Project Summary/Abstract The gut microbiome is composed of a diverse and dynamic community of microorganisms in the intestinal tract. Using germ-free model organisms, recent research has established the importance of these communities in performing key metabolic, endocrine, and immunologic processes in the host. The majority of this research has focused on the microbiome's effects on the intestine, the tissue with which it is in the most intimate contact. Recent studies, however, have revealed that these effects are significantly more far-reaching, with roles in hepatic, cardiovascular, and even neurological health. As the primary metabolic and detoxification hub, the liver is a critical checkpoint between the digestive functions of the gut and the rest of the body. Therefore, it is likely that alterations in the gut microbiota affect liver health and homeostasis. We utilized germ-free and microbiome-replete mice to investigate the effects of the gut microbiome on liver metabolism. Analysis of preliminary metabolomics data suggests significant alterations in hepatic metabolism, most notably in the antioxidant and xenobiotic detoxification pathways classically controlled by the transcription factor Nrf2. Activation of Nrf2 and its downstream pathways are cytoprotective against an array of oxidative liver insults, including drug-induced liver injuries such as acetaminophen-induced hepatotoxicity. To extend these findings beyond the artificial germ-free system, we propose to investigate the effect of microbiome manipulation on the activation and functionality of these critical detoxification pathways. Our group has previously shown that the widely studied probiotic Lactobacillus rhamnosus GG (LGG) can mediate protective effects in the intestine through activation of the Nrf2 pathway. Based on these observations, we hypothesize that LGG induces Nrf2 signaling in the liver and that this is protective against oxidative liver injury. The specific aims of this proposal are 1) to determine the extent of Nrf2 activation in the liver in response to LGG administration and 2) to identify the effect of oral LGG administration on the pathogenesis of oxidative liver injury using a mouse model of acetaminophen-induced hepatotoxicity. The long-term goal of this research is to understand the mechanisms by which probiotics and the microbiome contribute to host homeostasis and disease.

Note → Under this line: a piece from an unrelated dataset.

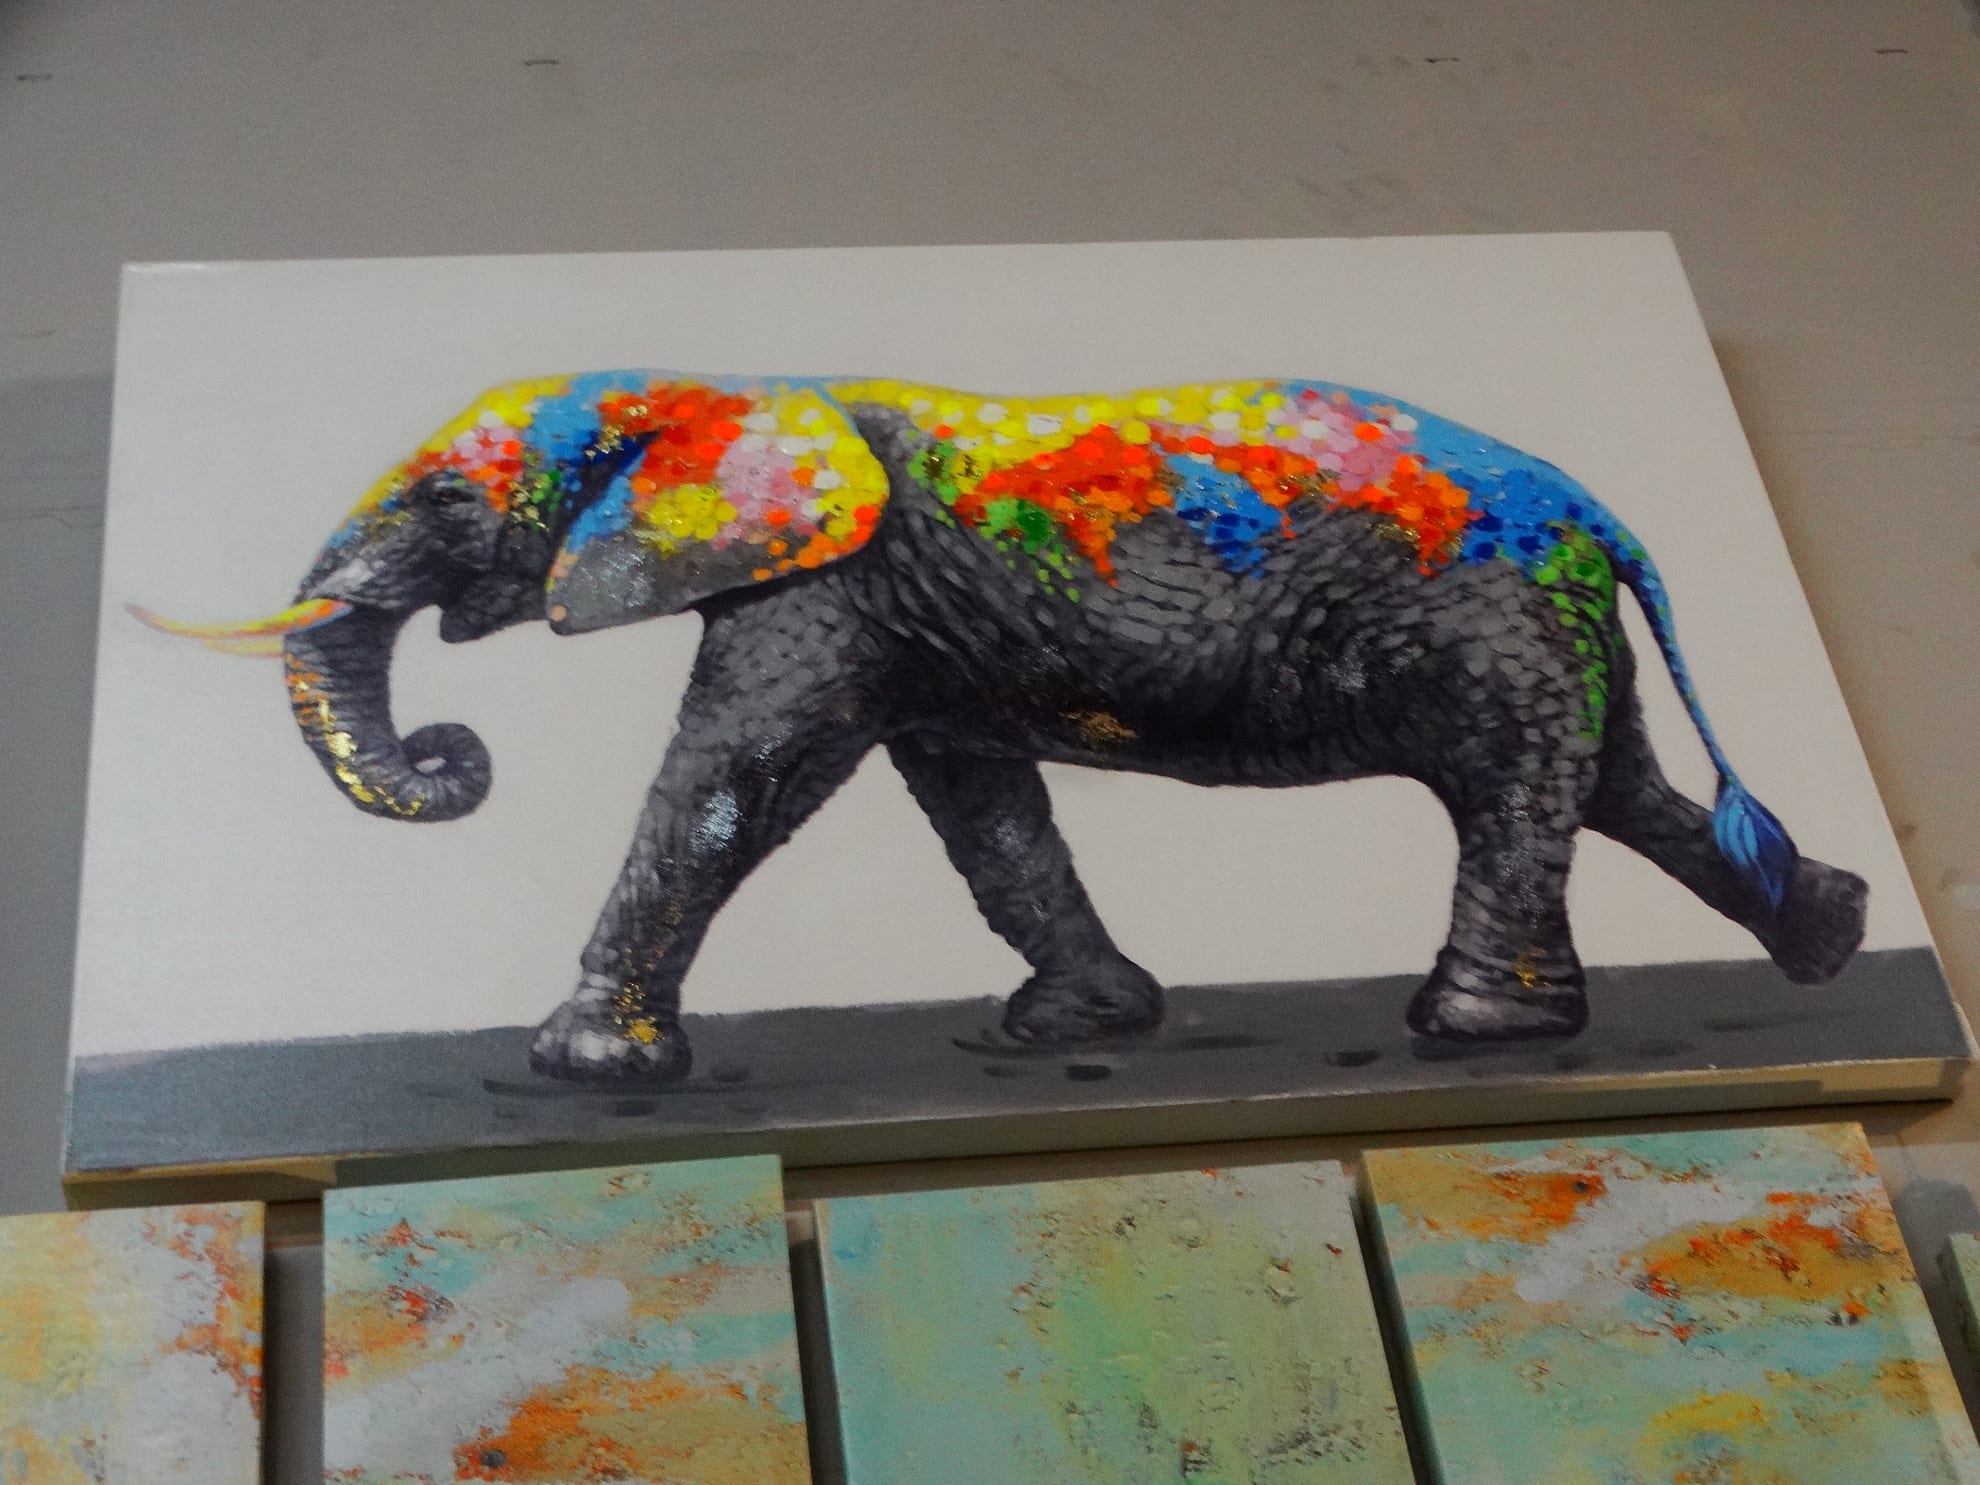 Elephant Wall Art This Wall Art Painting Of A Colorful Elephant Is Sweet The Grey Hues Contrasted By All The Color Gives It Artsy Appeal A Perfect Piece For The Elephant Lover

项目摘要/摘要 肠道微生物组由肠道中的微生物的多样化和动态群落组成 道。使用无菌模型生物，最近的研究确定了这些社区的重要性 在宿主中执行关键的代谢，内分泌和免疫过程。这项研究的大多数 已经集中在微生物组对肠的影响，该组织是最亲密的组织 接触。然而，最近的研究表明，这些影响明显更深远 在肝，心血管甚至神经系统健康中的作用。作为主要的代谢和解毒枢纽， 肝脏是肠道消化功能与身体其余部分之间的关​​键检查点。因此，它 肠道菌群的改变可能会影响肝脏健康和稳态。我们使用了无菌和 微生物组复发小鼠研究肠道微生物组对肝代谢的影响。分析 初步代谢组学数据表明，肝代谢发生了重大变化，尤其是在 由转录因子NRF2经典控制的抗氧化剂和异生元解毒途径。 NRF2及其下游途径的激活对一系列氧化肝损伤具有细胞保护作用， 包括药物诱导的肝损伤，例如对乙酰氨基酚诱导的肝毒性。扩展这些发现 除了无人工种系系统之外，我们建议研究微生物组操纵对 这些关键排毒途径的激活和功能。我们的小组以前已经表明 广泛研究的益生菌乳酸乳杆菌GG（LGG）可以介导肠中的保护作用 通过激活NRF2途径。基于这些观察结果，我们假设LGG诱导NRF2 肝脏中的信号传导，这是防止氧化肝损伤的保护作用。该提议的具体目的 1）确定响应LGG给药的NRF2激活程度和2） 口服LGG给药对使用小鼠模型的氧化肝损伤发病机理的影响 对乙酰氨基酚诱导的肝毒性。这项研究的长期目标是了解机制 益生菌和微生物组促成宿主的稳态和疾病。